«Последние новости». 1936–1940 (Адамович) - страница 182

— Ah, tout est bu. Tout est mangé.
Plus rien à dire.

Поэма Ладинского оживлена сильнее всего — предчувствием надвигающейся тьмы. Отражение того, что спускается на римский дряхлеющий ясный мир, — лучшее, что в его книге есть. Если книга волнует, то главным образом благодаря этому.

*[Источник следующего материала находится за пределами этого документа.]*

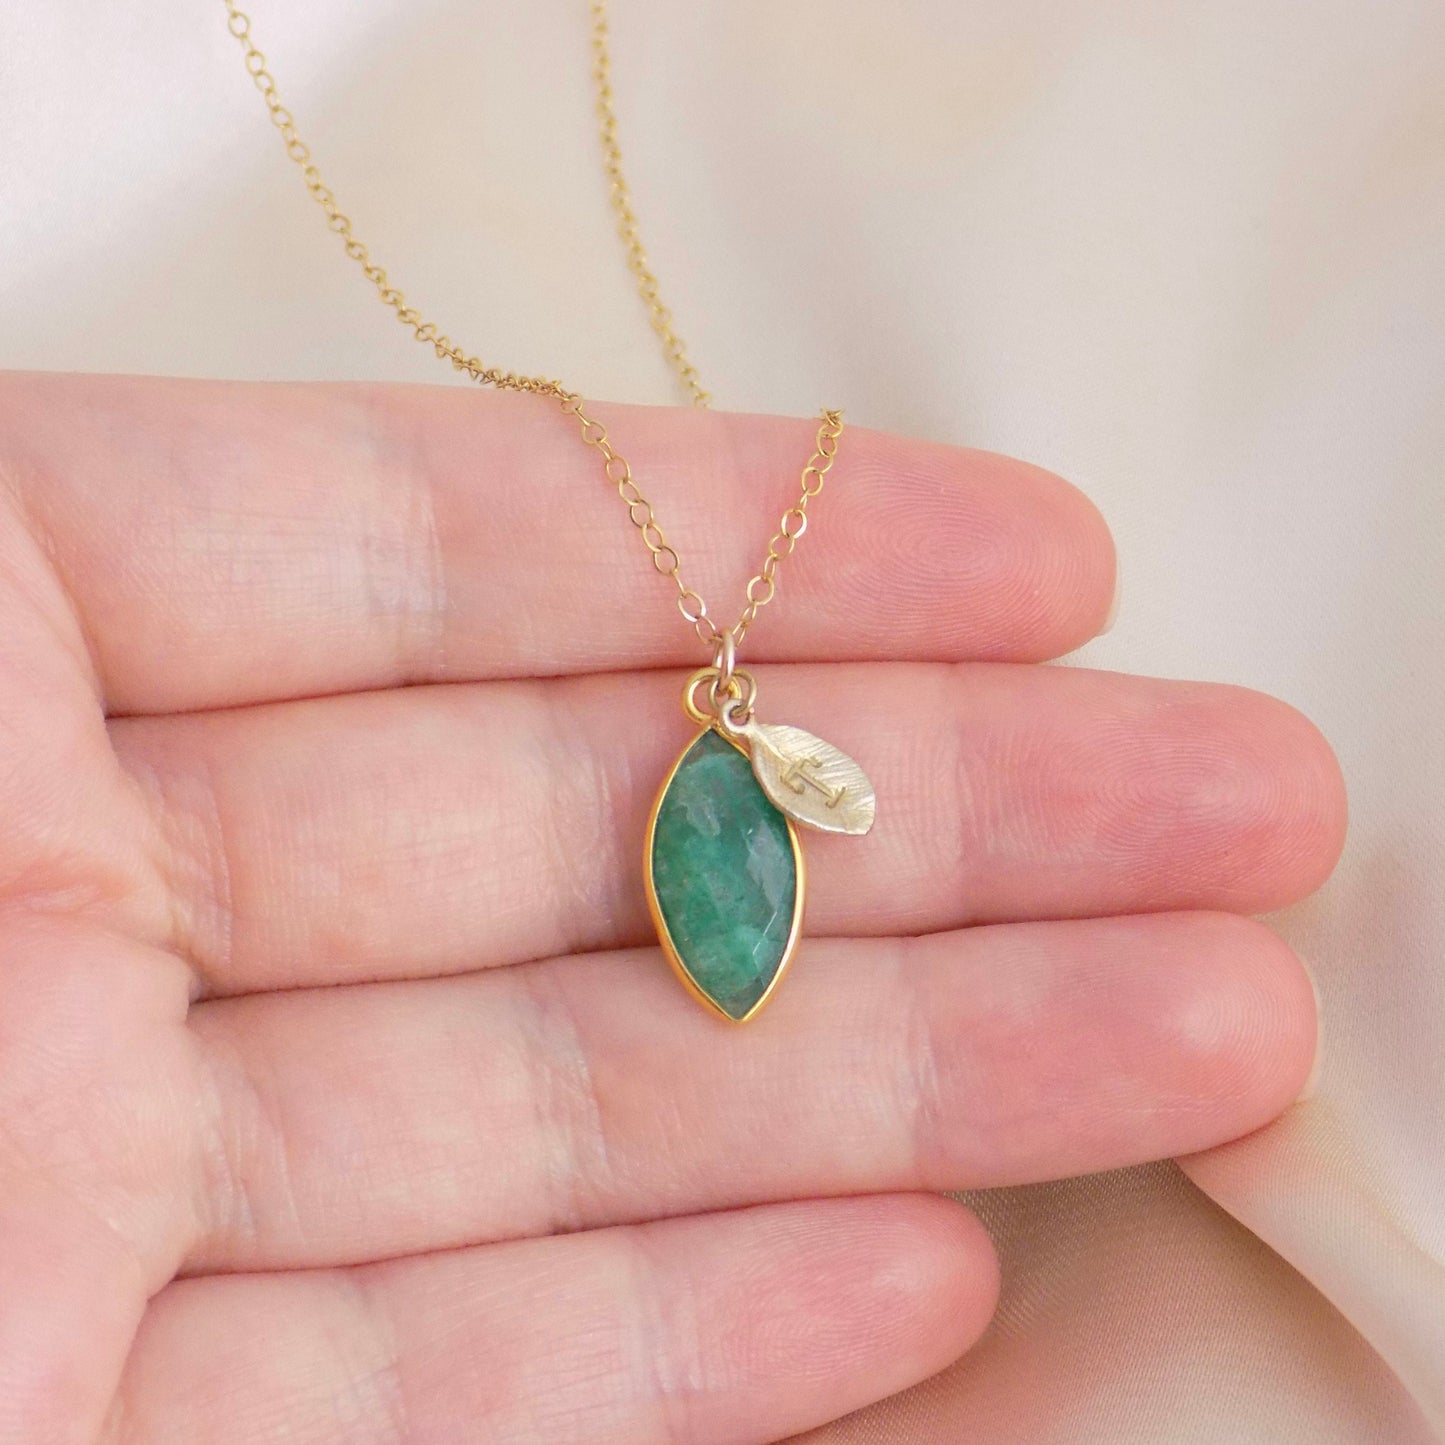 Personalized Gifts For Mom - Emerald Necklace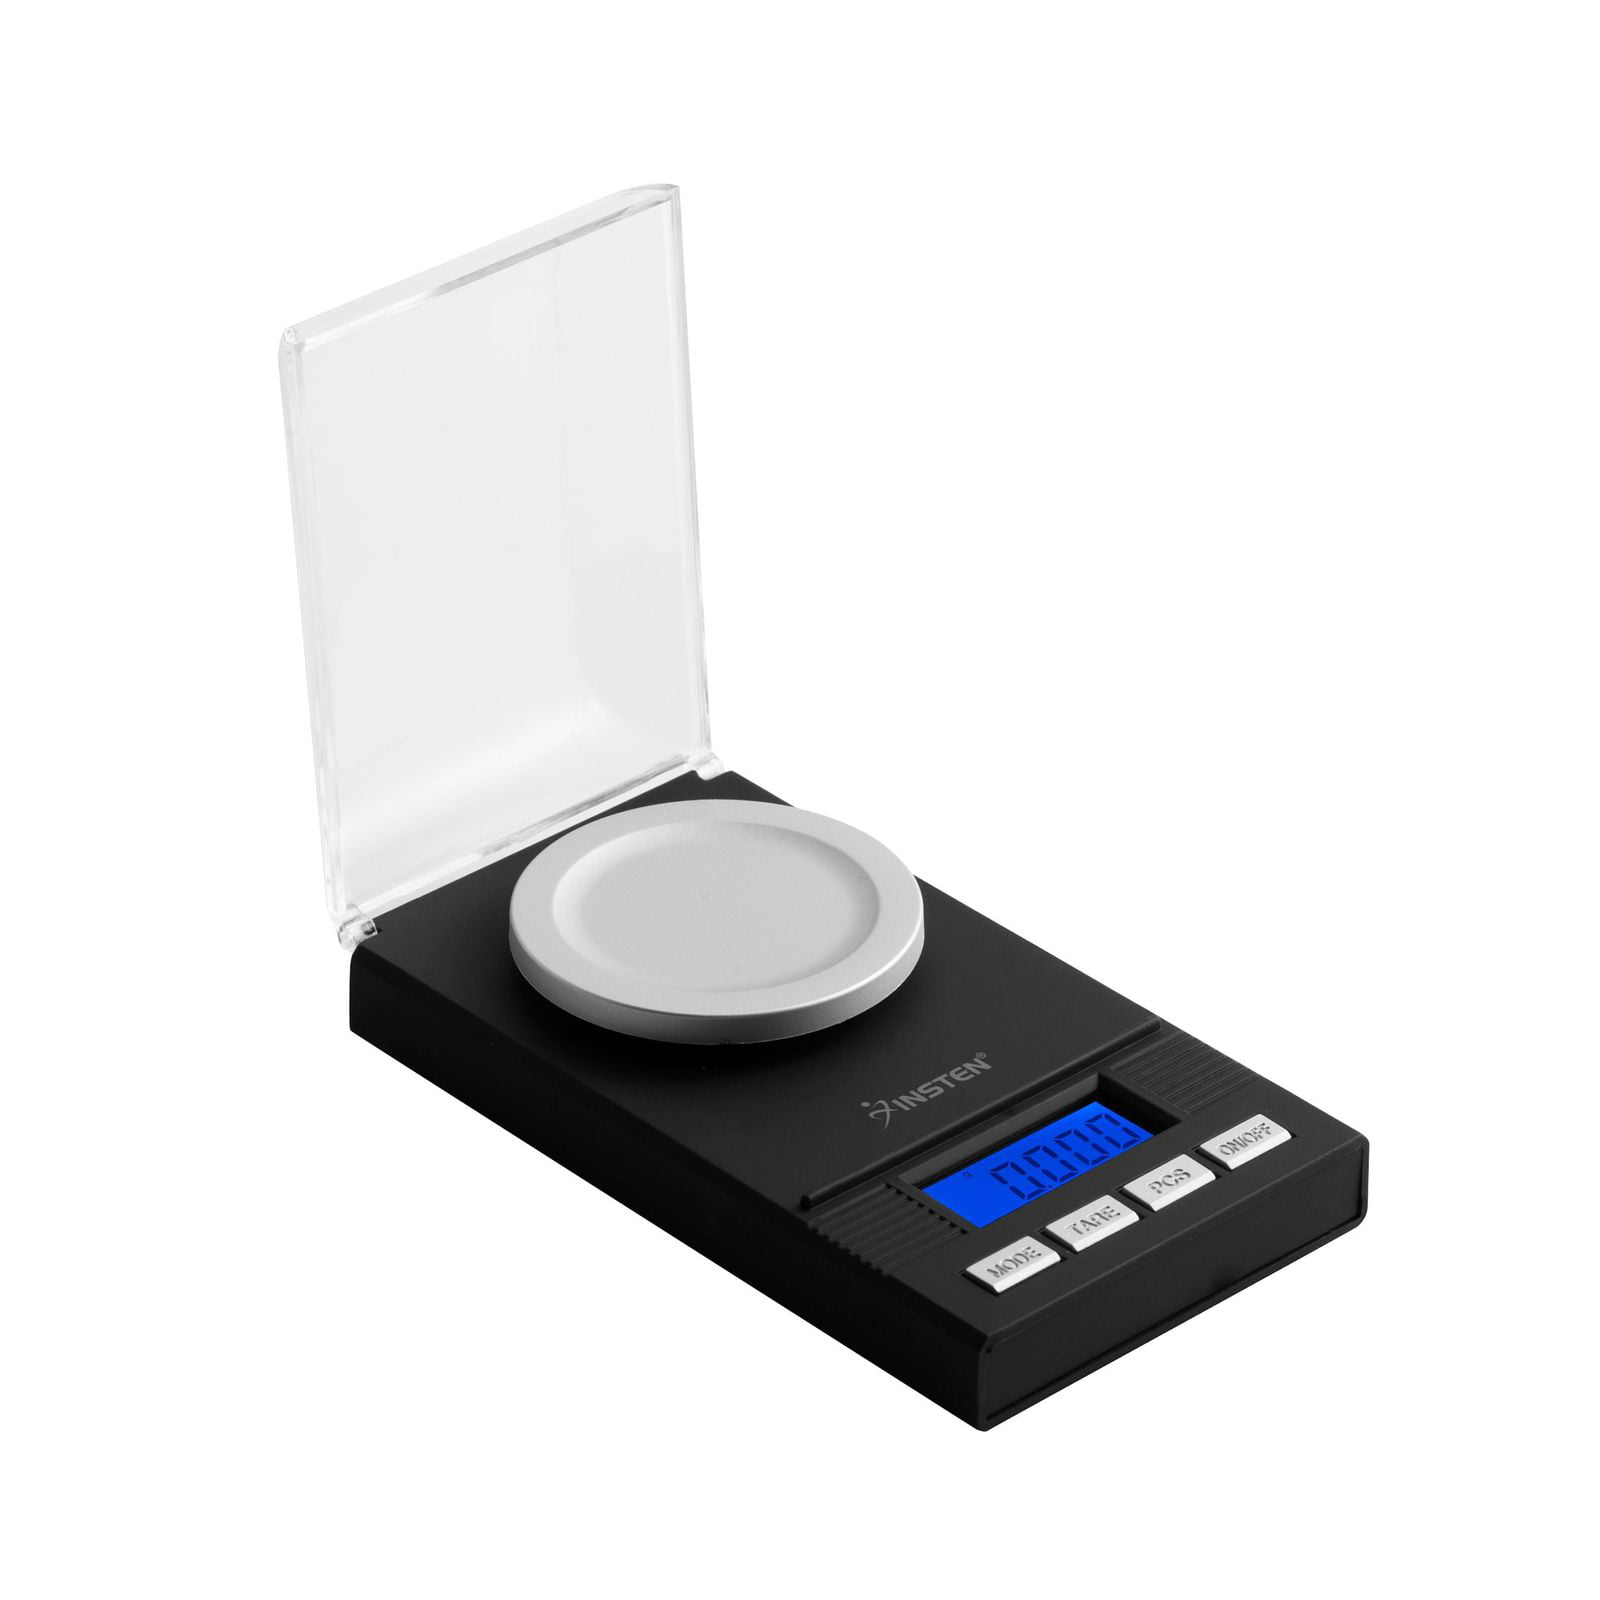 0.001/0.01g-50/500gram Digital Electronic Balance Jewelry Coin Weight Gram Scale

По странному закону — полностью объясняющему очарование и действенную силу романтического искусства — в воспоминаниях все становится совершеннее, чем было в реальности. К Риму мы равнодушны, пока он незыблем. Как только он колеблется, нам кажется, что с ним исчезает что-то неповторимо прекрасное. У Ладинского, впрочем, действует на воображение и все то, что идет Риму и всей его мощи на смену, та долгая кровавая неразбериха, из которой через несколько столетий образуется — вспомним еще раз Верлена — «le moyèn âge enorme et delicat».

* * *

Уносясь мыслью к эпохе, изображенной в «Пятнадцатом легионе», к сумеркам Рима и вообще античности, невольно ищешь параллели с нашим временем.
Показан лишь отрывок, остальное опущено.